ORLANDO, Fla., Feb. 17 -- President Bush on Friday called for doubling the number of international troops in the war-ravaged Darfur region of Sudan and a bigger role for NATO in the peacekeeping effort.
Bush has concluded that peace talks will not halt the violence that has left tens of thousands dead and more than 2 million homeless in Darfur and that a more muscular military response is required, administration officials said.
The Bush administration has settled on the idea of sending up to several hundred NATO advisers to help bolster African Union peacekeeping troops in their efforts to shield villagers in Sudan's Darfur region from fighting between government-backed Arab militias and rebel groups, administration officials said.
The move would include some U.S. troops and mark a significant expansion of U.S. and allied involvement in the conflict.

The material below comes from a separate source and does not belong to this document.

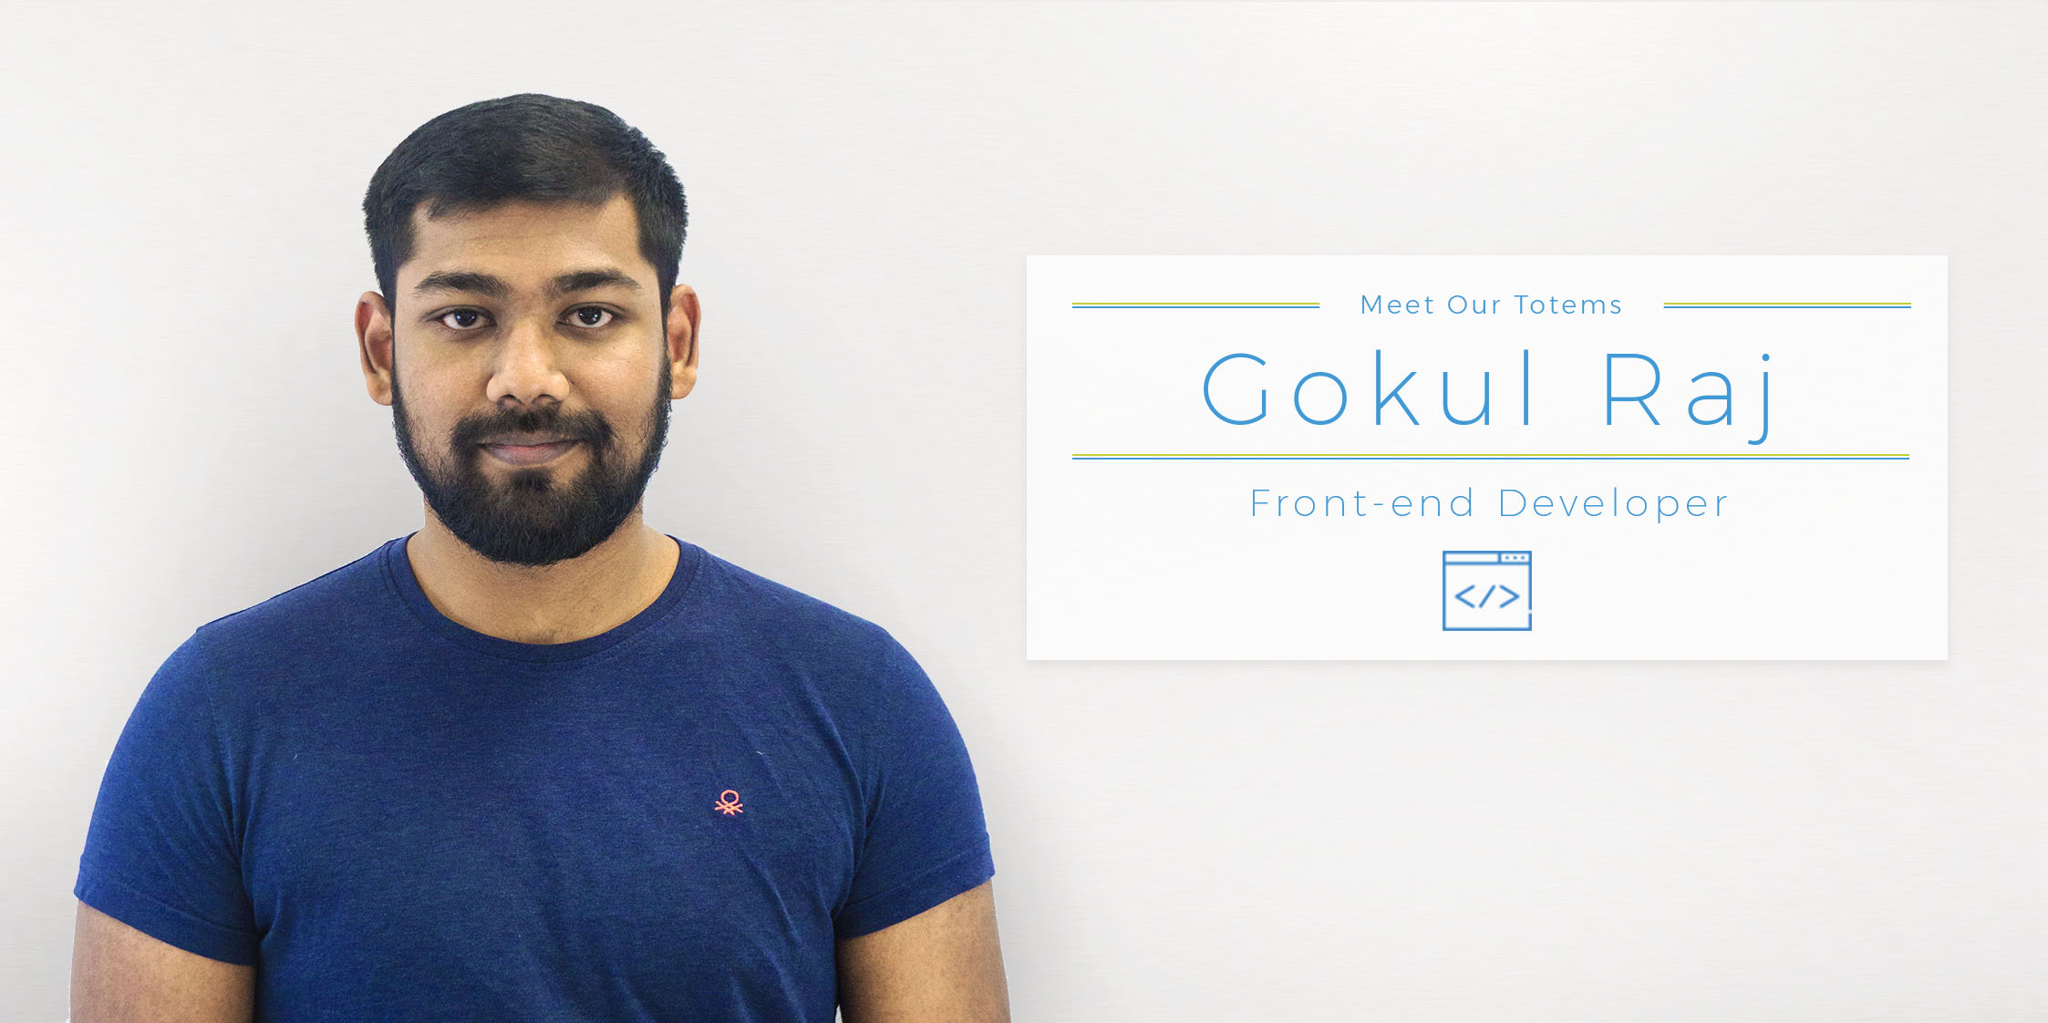 Meet Our Totems – Gokul

So far, NATO's role has been limited to airlifting African Union forces to the region and providing a few military specialists to help the peacekeeping contingent.
The proposal, which still faces uncertain approval within NATO because of concerns that it could be a distraction from operations in Afghanistan, falls well short of more aggressive measures that some have advocated, such as sending ground combat troops or providing air patrols to protect peacekeepers and prevent the bombing of villages. These options have been ruled out as unnecessary at this time, an administration official said.
In general, U.S. officials said, their aim has been to address shortcomings in the African Union force without upstaging that force and stirring resentment in a region highly sensitive to the presence of Western troops.